Nope, the cyclone4 PLLs do not support spread spectrum.
Also, the 0ps positions were stable (suggesting some FPGA
internal feature to be the cause), but they weren't evenly
spread over the delay chain.

		Attila Kinali

--
It is upon moral qualities that a society is ultimately founded. All
the prosperity and technological sophistication in the world is of no
use without that foundation.
-- Miss Matheson, The Diamond Age, Neil Stephenson

Attila,

On 01/20/2016 03:21 PM, Attila Kinali wrote:

The timing report and estimator is just to make sure that a synchron
design will work. The type of jitter/noise that you see is kind of
typical. It's not that I don't like FPGA, I love it, but I just don't
trust it for precision timing like that.

Cheers,
Magnus

Hi

Been there / done that on both parts. The timing analyzer is doing what it is supposed to do =
analyze the worst case delays against the constraints you provided. It then makes sure that
the data gets where it needs to go “in time” for it to be correct. The approach is typical semiconductor
industry “six sigma over a billion cycles on a billion devices each with a billion gates” sort of thing.
The result is a part that does indeed work. It’s not much use for predicting things like jitter.

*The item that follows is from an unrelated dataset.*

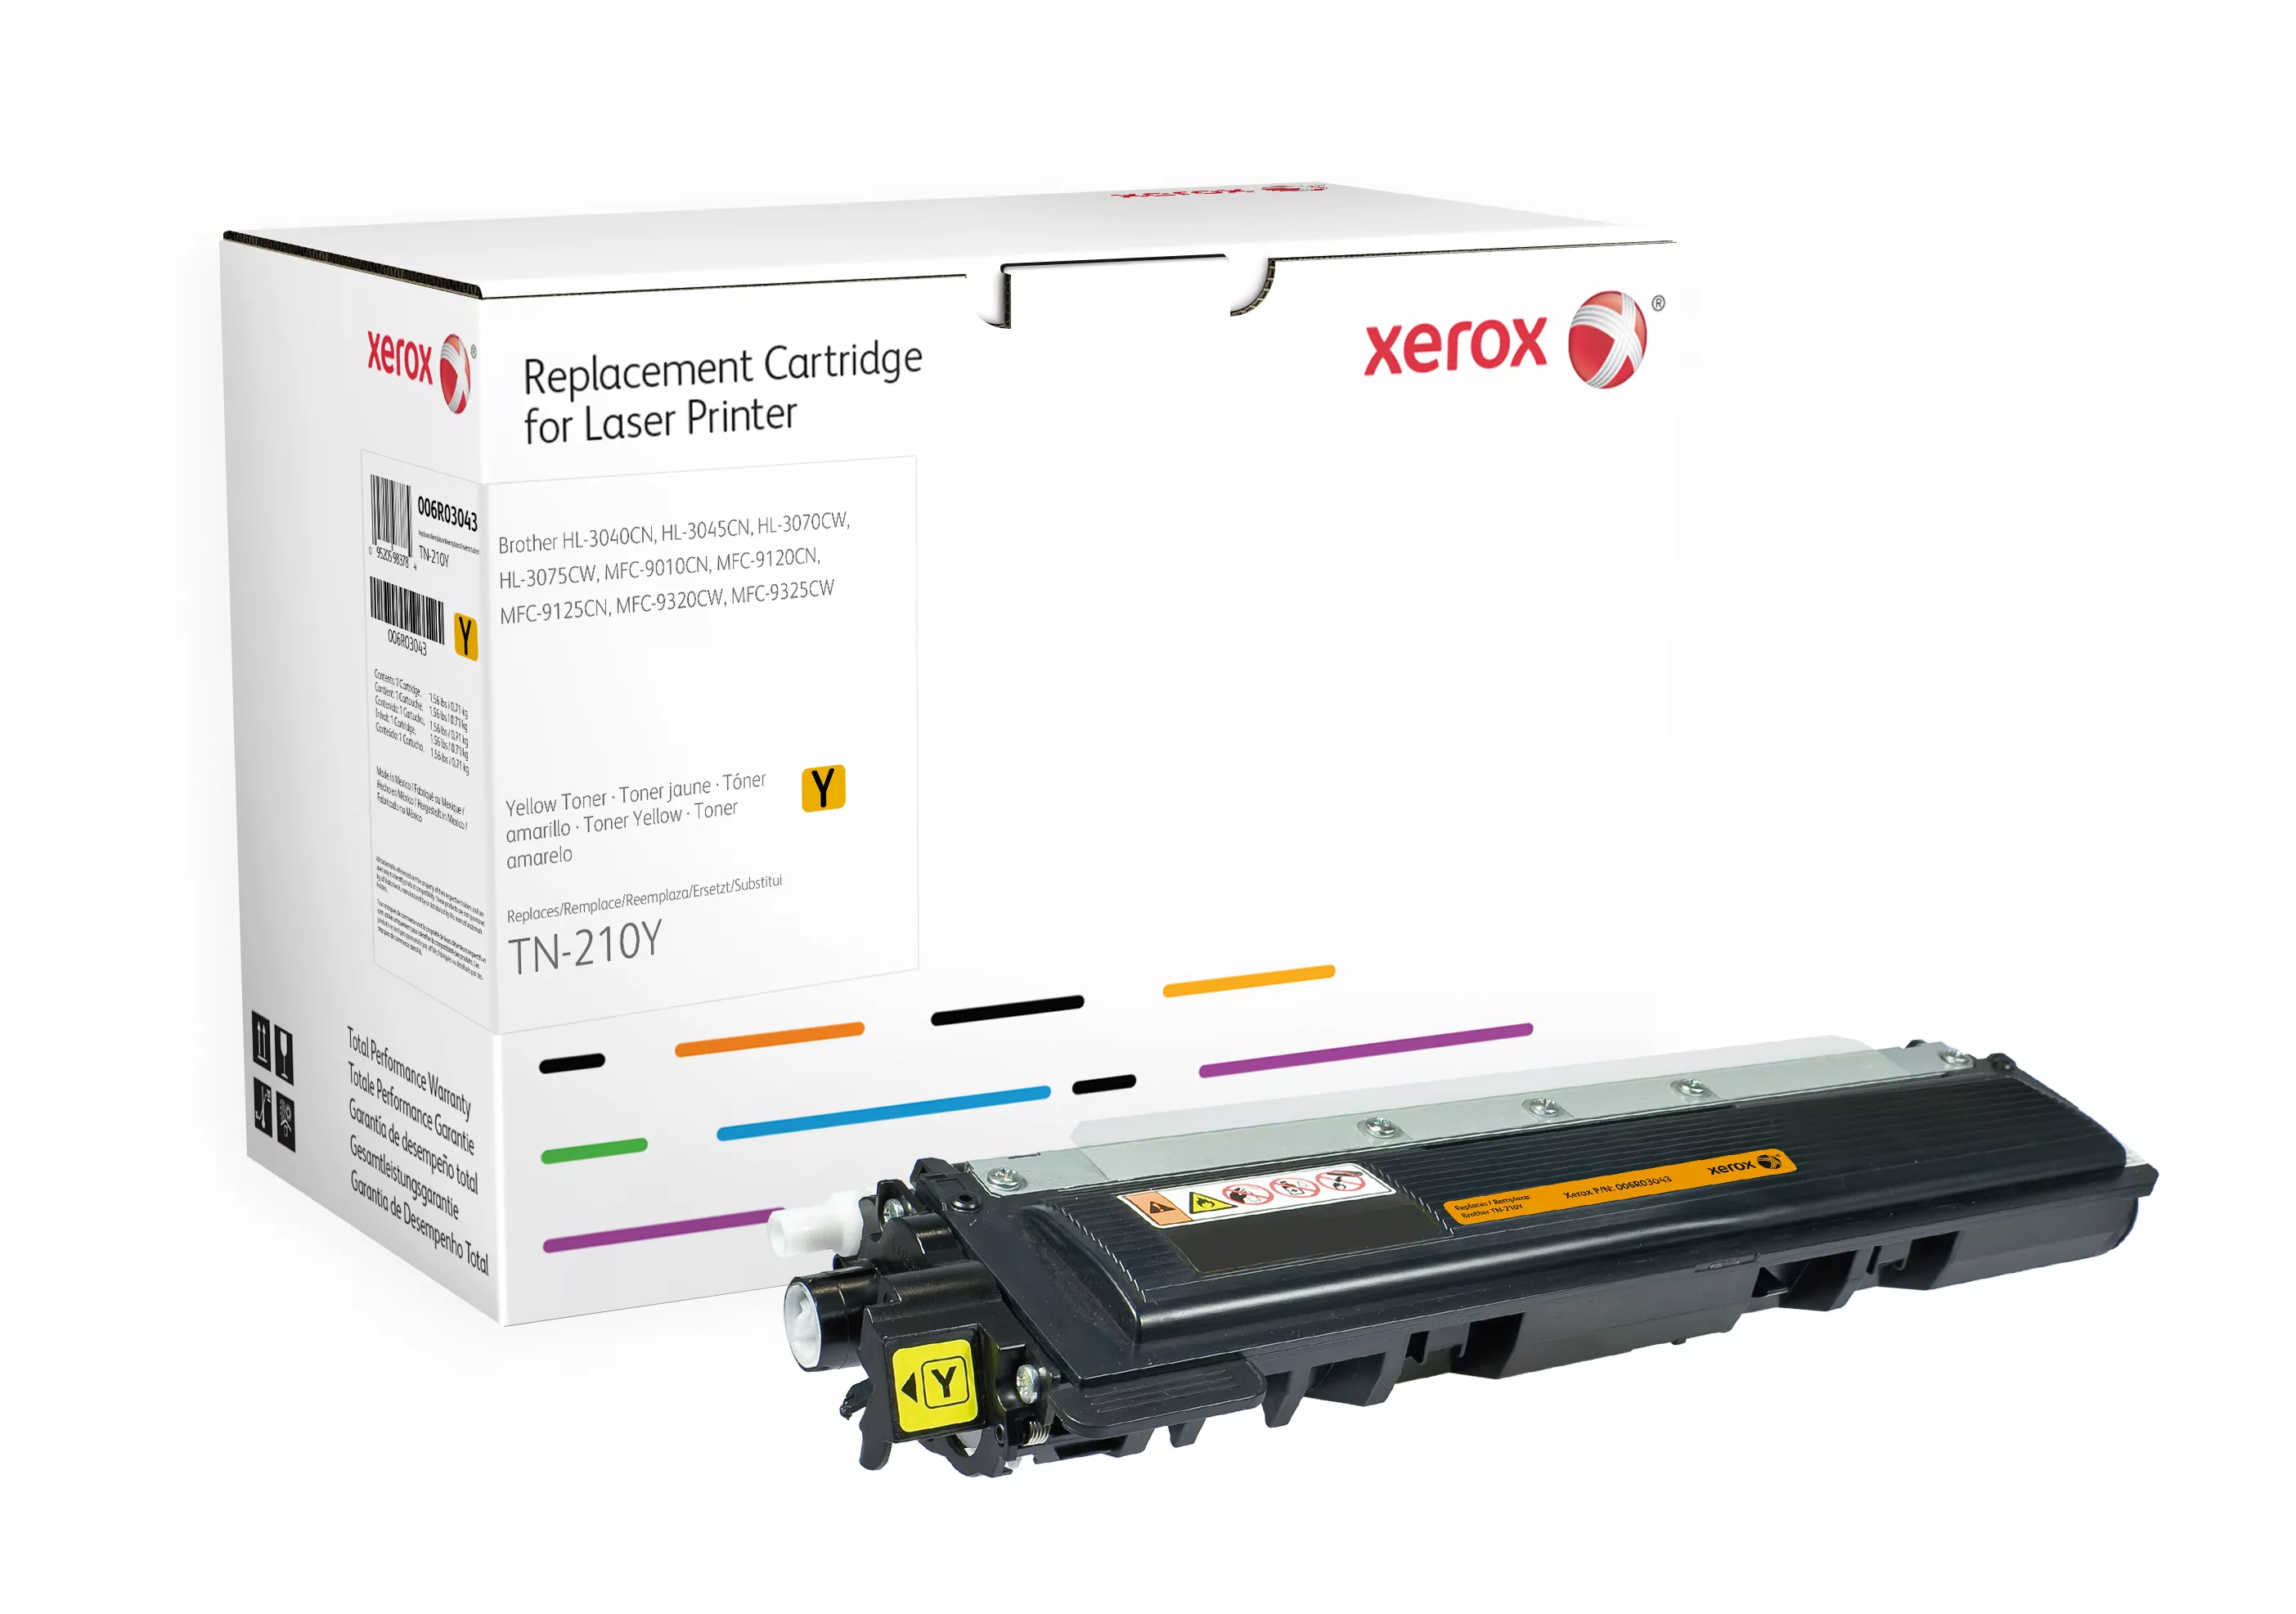 Achat XEROX Brother HL-3040/3070 Series TN-230Y et autres produits de la marque Xerox

Some of which are fabric (routing) delays). Some of which are simply the analog nature of digital
circuits (noise matters, gain matters). Some of them may be a result of auto routing the design rather
than manually placing everything. (Yes manual routing can help. It’s a major pain for fairly little gain).

The explanation is fairly simple, you have a clock and a “data pulse” flying down the delay / carry chain. With
an ASIC you could make sure they take a very linear route through the silicon. With a FPGA you can’t do that.
Both are routed through this and that. When you get down to the ps level, there is no guarantee which one
gets there first. Even if there was, the aperture time on the flip flops is sensitive to things like voltage and temperature.
What you see this time may not be what you see that time. There are a whole bunch of papers on  all of this.
Bottom line, not all indicated data patterns can be placed in a nice orderly plot ( = you don’t know which one
came first). About the only way to order them is to count the zeros. Not perfect, but about the best you can do.

Bob

On Wed, 20 Jan 2016 17:56:31 -0500
Bob Camp kb8tq@n1k.org wrote:

We placed the delay line manualy and run the calibration loop of the
OHWR TDC. Which does a histogram over all bins excited with a (hopefully)
uncorrelated ring oscillator. We tried both the OHWR temperature to binary
encoder and a "count all zeros/ones" version. Both showed the same behaviour,
ie that some bins hardly see any hits. Yes, i would expect this kind of
thing in general, due to the layout/routing of the wires in the FPGA. But
I would expect it to have some kind of regularity, a kind of pattern in the
distance between these un-excitable bins. But there is none. That's why I'm
saying we have no good explanation for it.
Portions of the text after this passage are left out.